On Fri, Jul 11, 2008 at 12:35 AM, David Brown <[EMAIL PROTECTED]>
wrote:

> Hello Pedro, I'm not sure by your statements if you are using a HOT deploy
> or not. In the case you are using a hot deploy try using an exploded war
> under server/default/deploy and see if you see any difference. The JSPs are
> compiled by the container once they are invoked at the browser. As an
> experiment: create a second virtual JBoss (4.2.1/4.2.2) server on a port
> like 8989 that deploys a single JSP and see if you can get it to recompile.

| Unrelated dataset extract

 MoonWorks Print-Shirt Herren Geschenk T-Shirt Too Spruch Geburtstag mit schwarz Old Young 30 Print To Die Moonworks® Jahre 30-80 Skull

> There are instructions int the JBoss /examples directory on how to do this.
> HTH, David.
> Pedro Viegas wrote ..
>  > Hi all,
> >
> > I've been trying to build an environment for developing web applications
> > that generate WAR files with a productive debug/development process.

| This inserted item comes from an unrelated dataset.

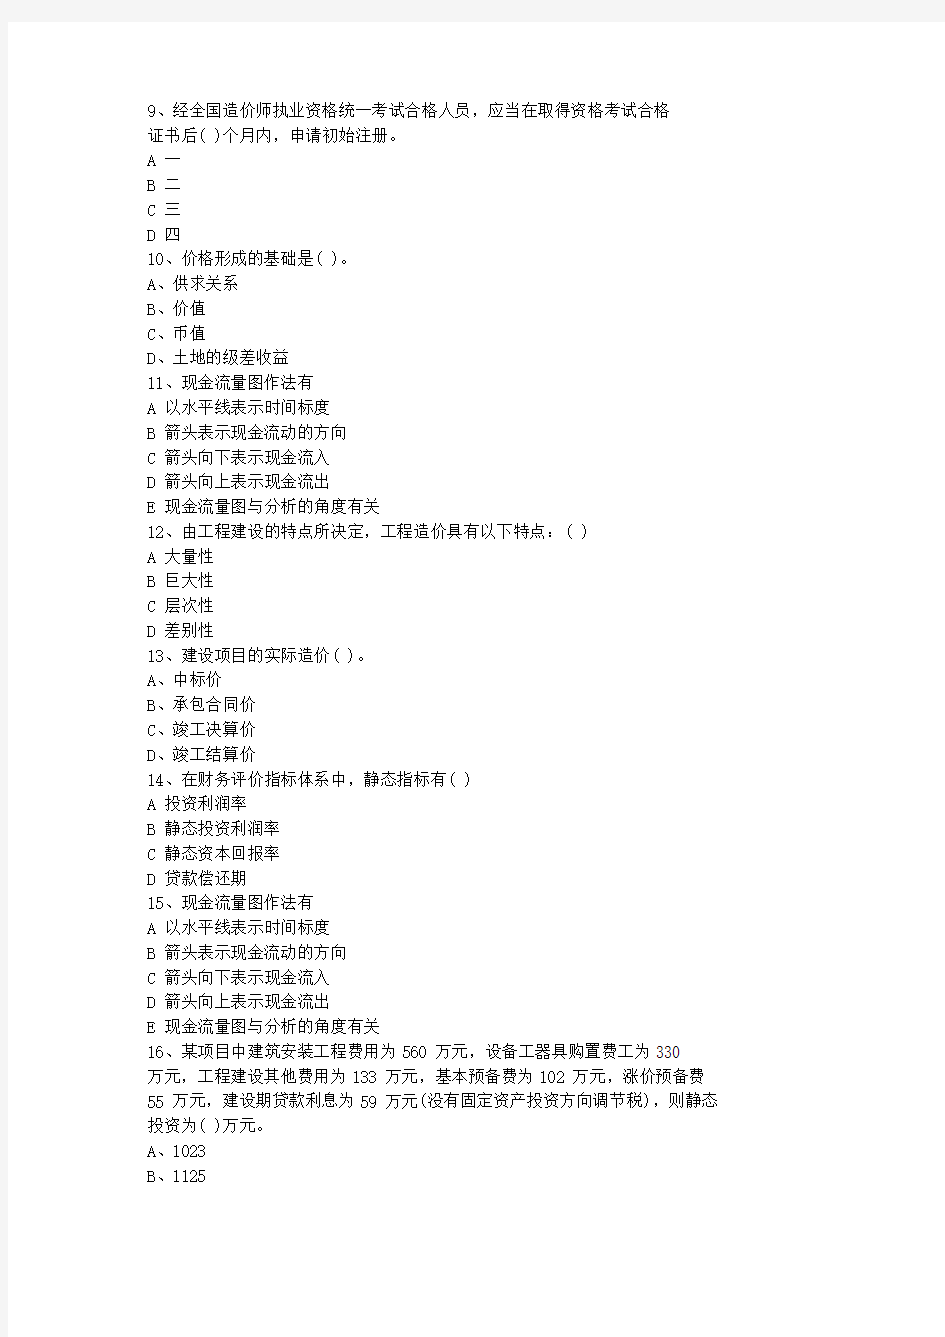 2011湖南省造价员考试试题及答案全(打印版)最新考试试题库

> > I'm using JBoss as the application server. Tomcat is a no go and Jetty
> has
> > issues with some bytecode APIs I use.
> >
> > All is working fine in the traditional way. I package the WAR, deploy it
> to
> > the server with the cargo plugin and test it.
> > Through JBoss Eclipse Plugin I have debug and hotcode replacement for
> java
> > classes, BUT not for JSPs!
> > How can I make JBoss aware of JSP/CSS/JS changes?
> >
> > I have seen a bunch of examples for Tomcat and Jetty to indicate a path
> to
> > the webapp folder.
> > For JBoss the only solution so far has always included building an
> exploded
> > WAR somewhere and point JBoss deploy URLs to it so it deploys them.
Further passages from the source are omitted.